Getting your home ready for a long, cold winter is something each homeowner should put into consideration before the season approaches. These steps, most of which you can perform on your own, will help you to reduce your utility bills and protect your home:
Reverse your ceiling fans
If your ceiling fan happens to have a reverse switch, utilize it to run the blades of the fan in a clockwise direction after you have turned on the heat. The fan will offer an updraft and push down the heated air into the room from the ceiling because hot air usually rises. This is helpful in rooms that have high ceilings, and it might also allow you to turn down your thermostat by a degree or two for better energy savings.
Clear your eaves
This is not a task that is complicated, but it is an imperative job nonetheless. Eavestroughs that are clogged can result in the formation of ice dams, which can loosen shingles, tear off gutters and leave your roof vulnerable to leaks. All you have to do is climb the edge of your roof and dig out the debris carefully. It is not a must that you remove each small stone. The main purpose is to ensure that nothing hinders the flow of water, and that no stagnant water gets left in the gutters.
Prevent ice dams
If your home had a lot of icicles during last winter, or worse, ice dams, which can bring about meltwater to back up and flow into your home, ensure that you take steps to prevent potential damage.

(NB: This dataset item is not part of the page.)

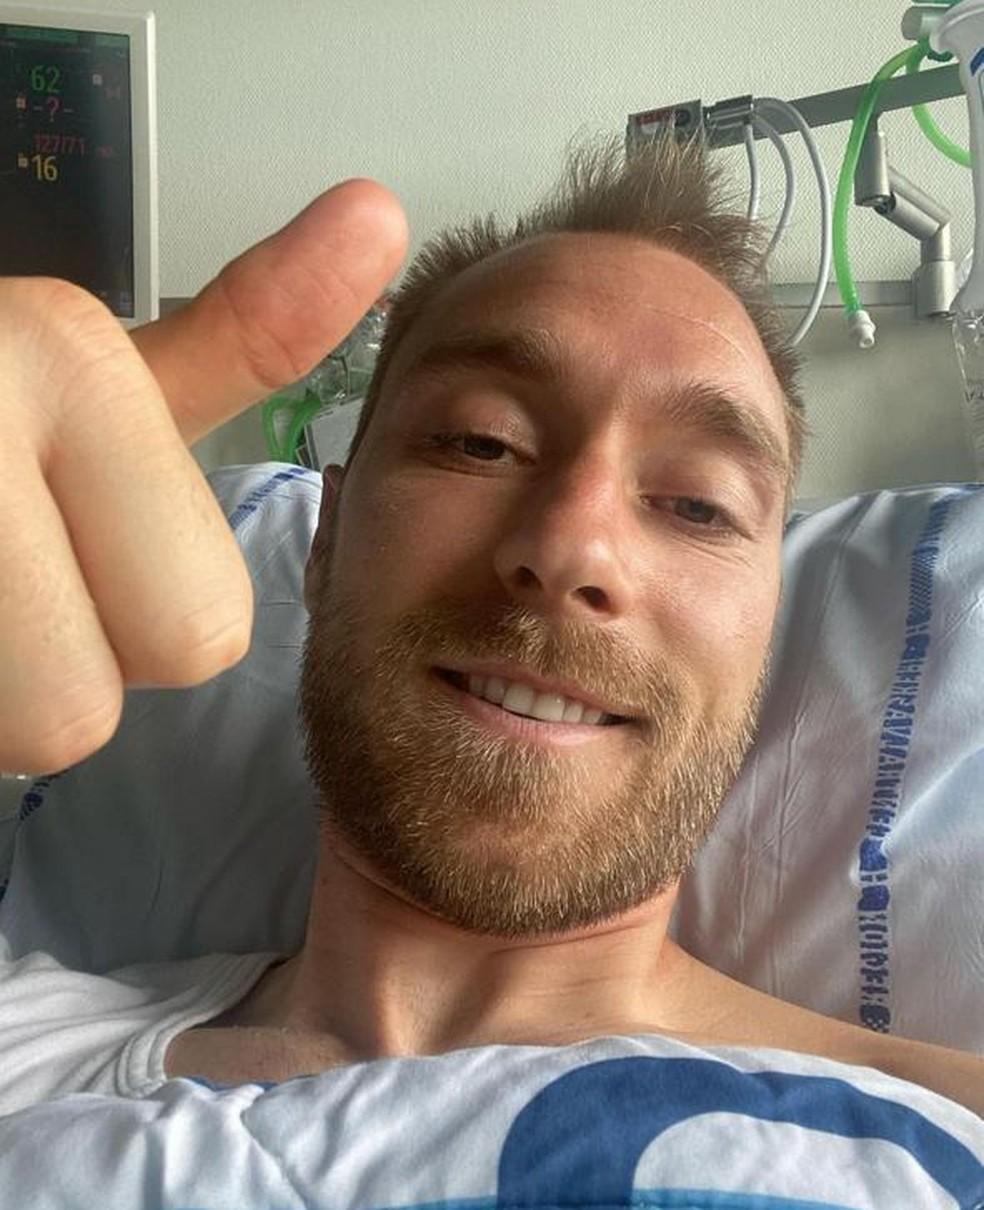 Christian Eriksen posta foto e agradece carinho recebido após mal súbito
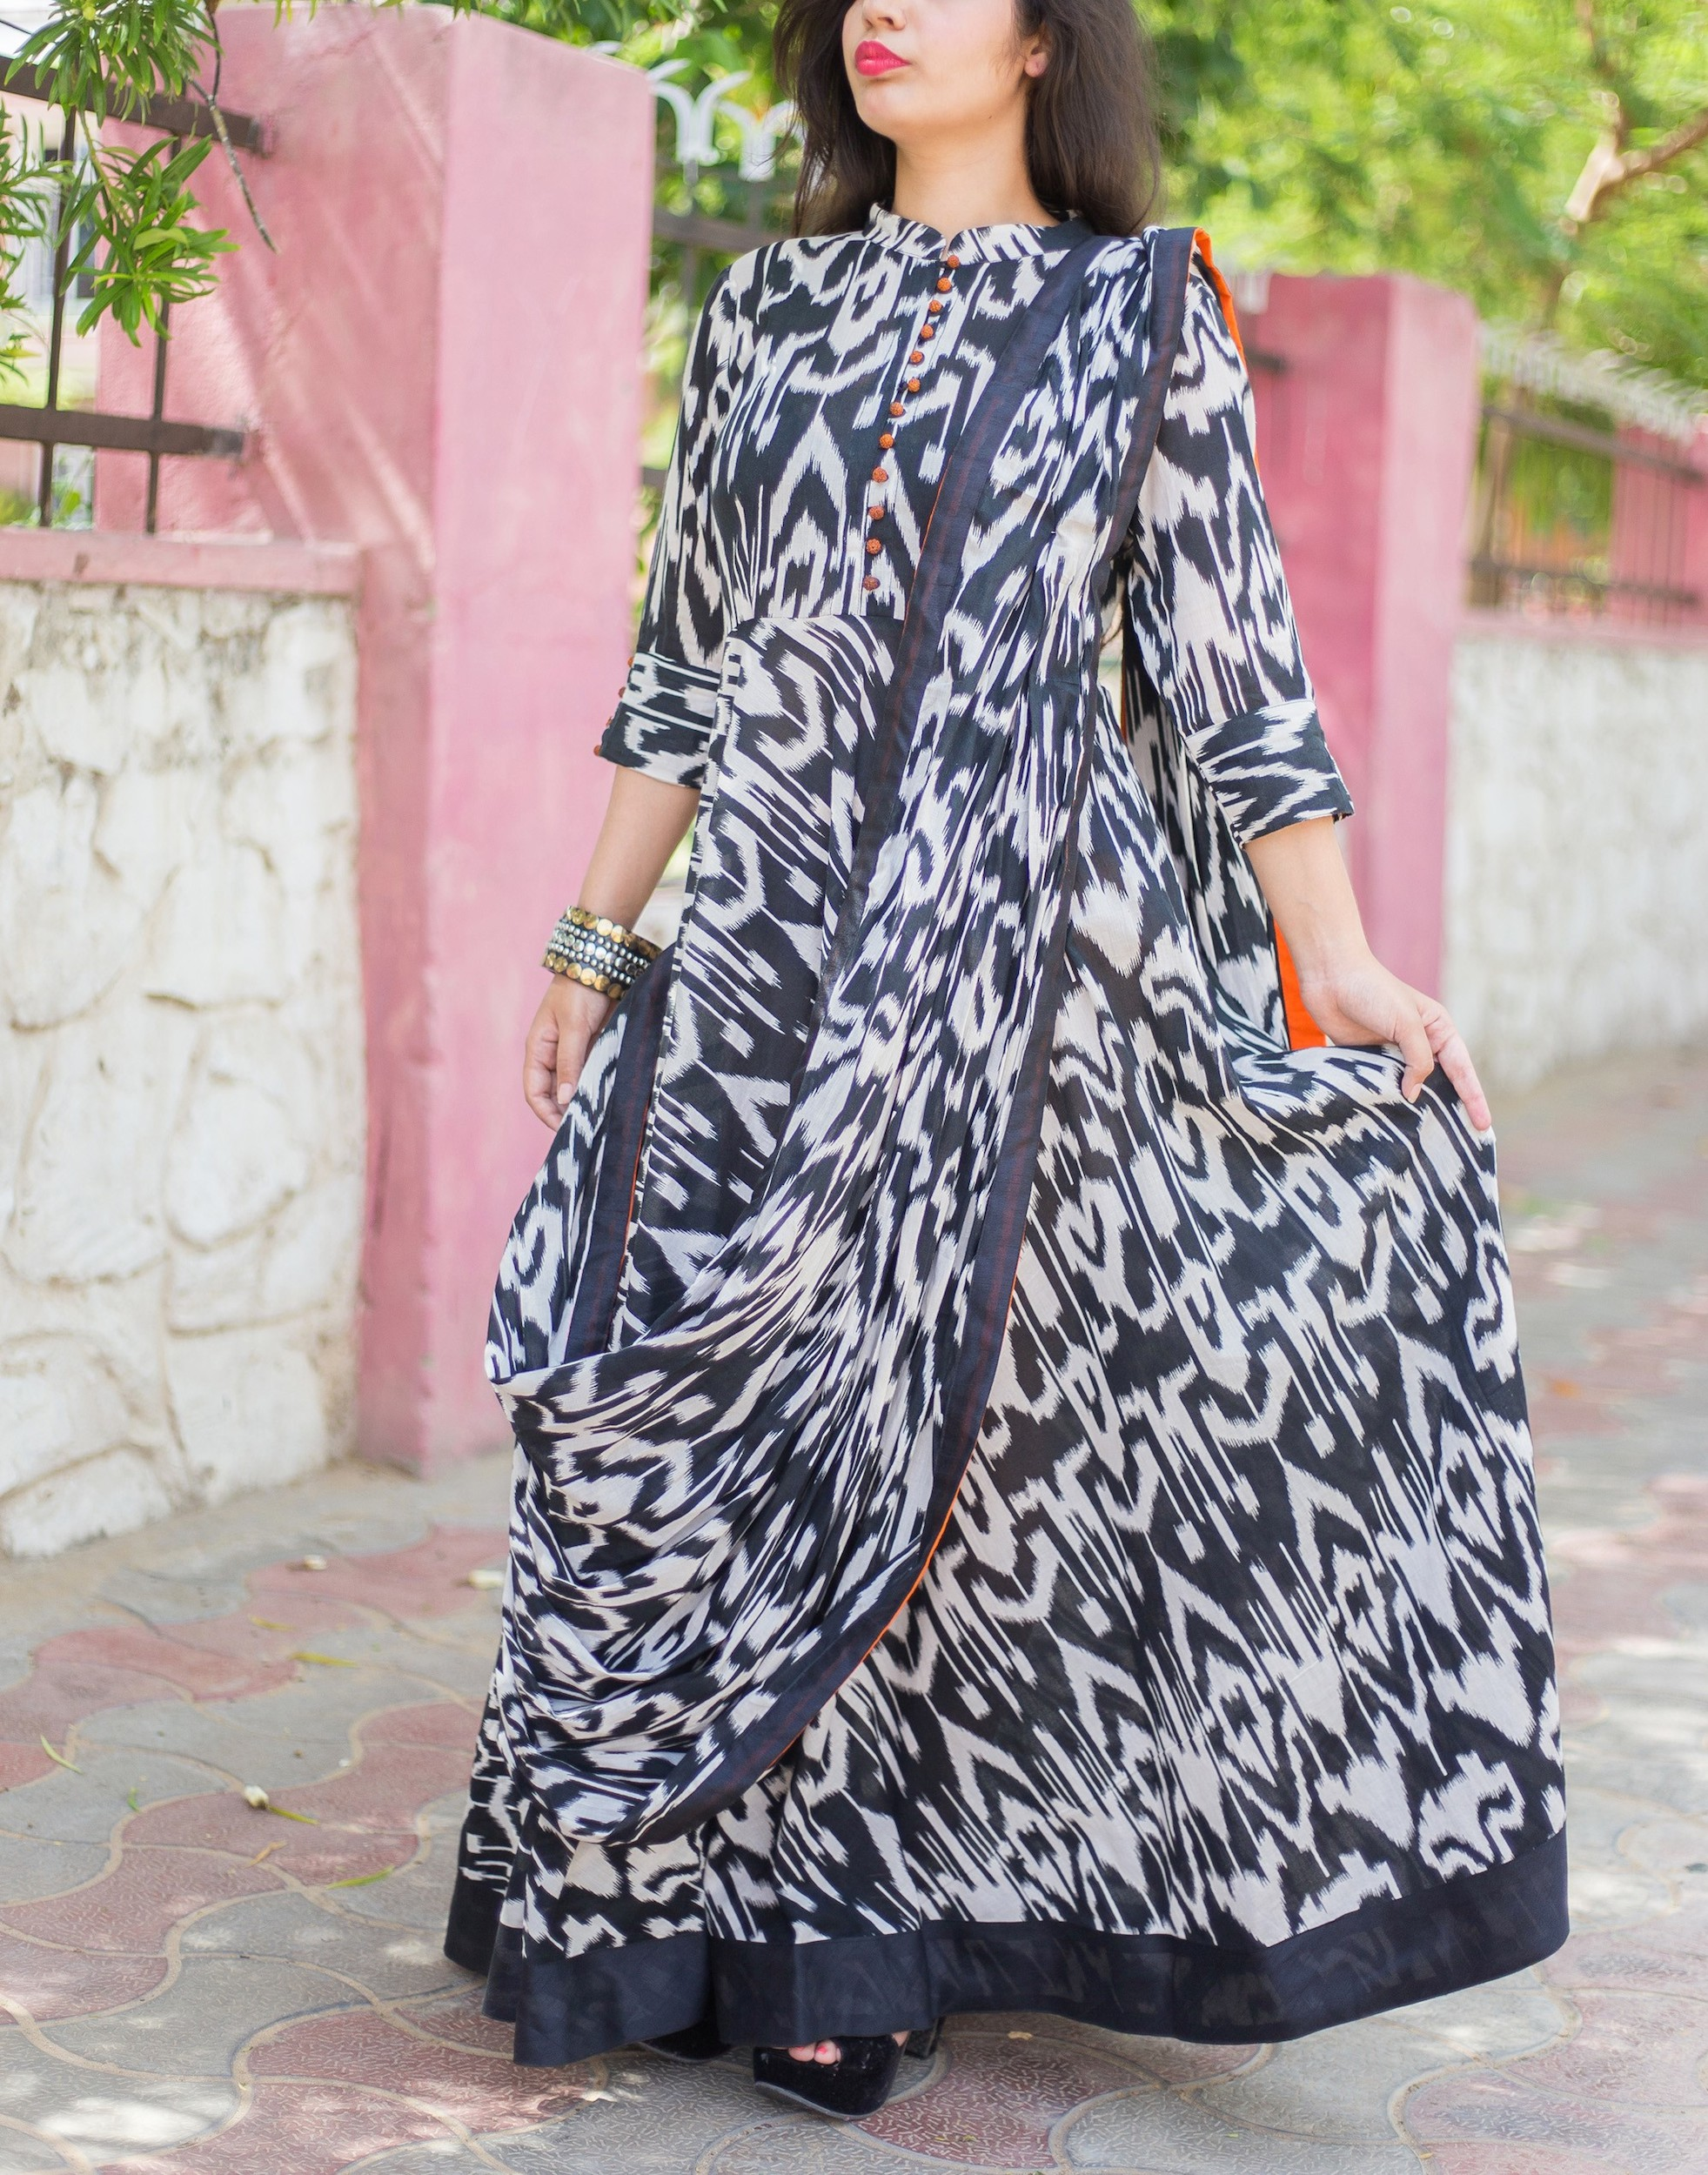 Monochrome drape dress

Seek the help of a home-energy auditor or weatherization contractor. They will fix the air leaks or inadequate insulation that is experienced in your attic.
Check your roof
If you cannot access your roof or you prefer not to climb to the roof, make use of binoculars to inspect the shingles. Search for missing, damaged or loose shingles that may leak during winter’s storms or from melting snow.
Shut off exterior faucets
Cold winter temperatures can lead to the freezing of your pipes which can burst inside your house and cause major water damage. Ensure that you locate and close any shut-off valves that connect to outside faucets, and drain any excess water that is found inside the lines. It is also advisable to drain any interior pipes in unheated areas of your house like your attic.